Task brief » Using the data beneath this instruction, retype only the lines from the one that contains "Luxury Playa de Palma Holidays" down to the one that contains "Alternate Image 1", both included, exactly as they appear.

==== Source information ====

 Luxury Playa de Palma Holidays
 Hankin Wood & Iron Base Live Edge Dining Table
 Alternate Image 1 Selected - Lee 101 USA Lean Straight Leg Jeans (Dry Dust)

====
==== Source information ====

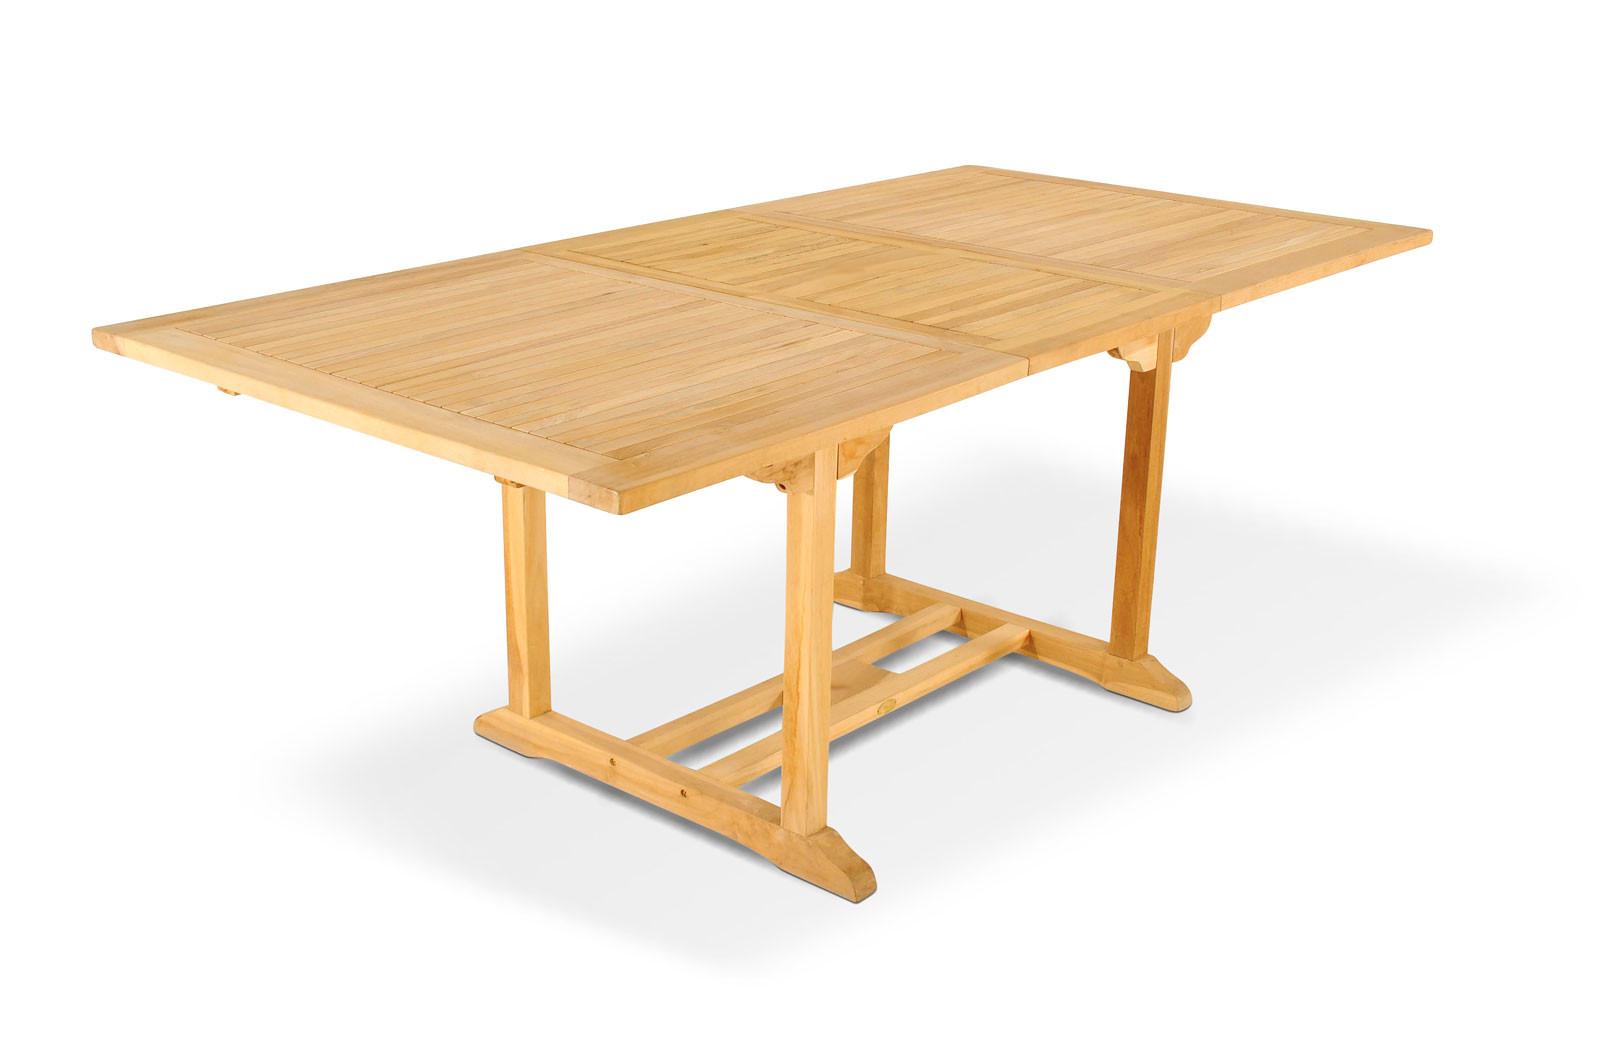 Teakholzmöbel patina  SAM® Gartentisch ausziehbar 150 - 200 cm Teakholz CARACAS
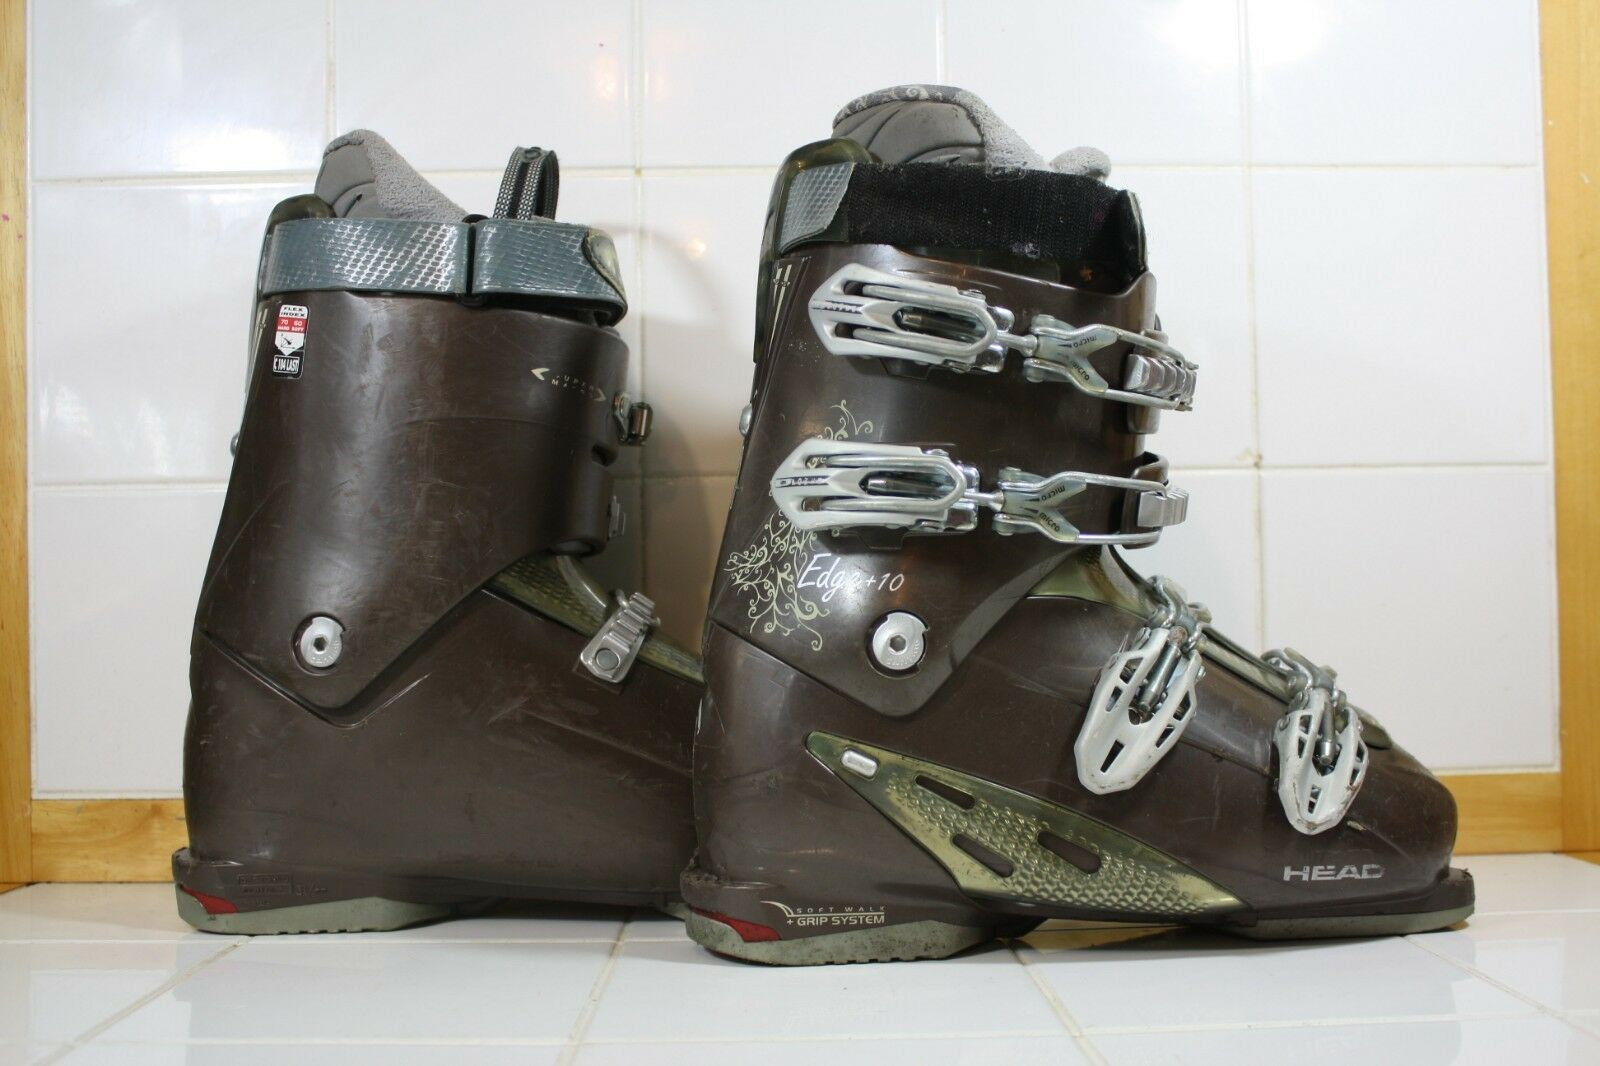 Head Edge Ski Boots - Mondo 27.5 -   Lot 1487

====
==== Source information ====

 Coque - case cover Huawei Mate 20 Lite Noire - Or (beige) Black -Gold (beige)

====

Exercise answer »
 Luxury Playa de Palma Holidays
 Hankin Wood & Iron Base Live Edge Dining Table
 Alternate Image 1 Selected - Lee 101 USA Lean Straight Leg Jeans (Dry Dust)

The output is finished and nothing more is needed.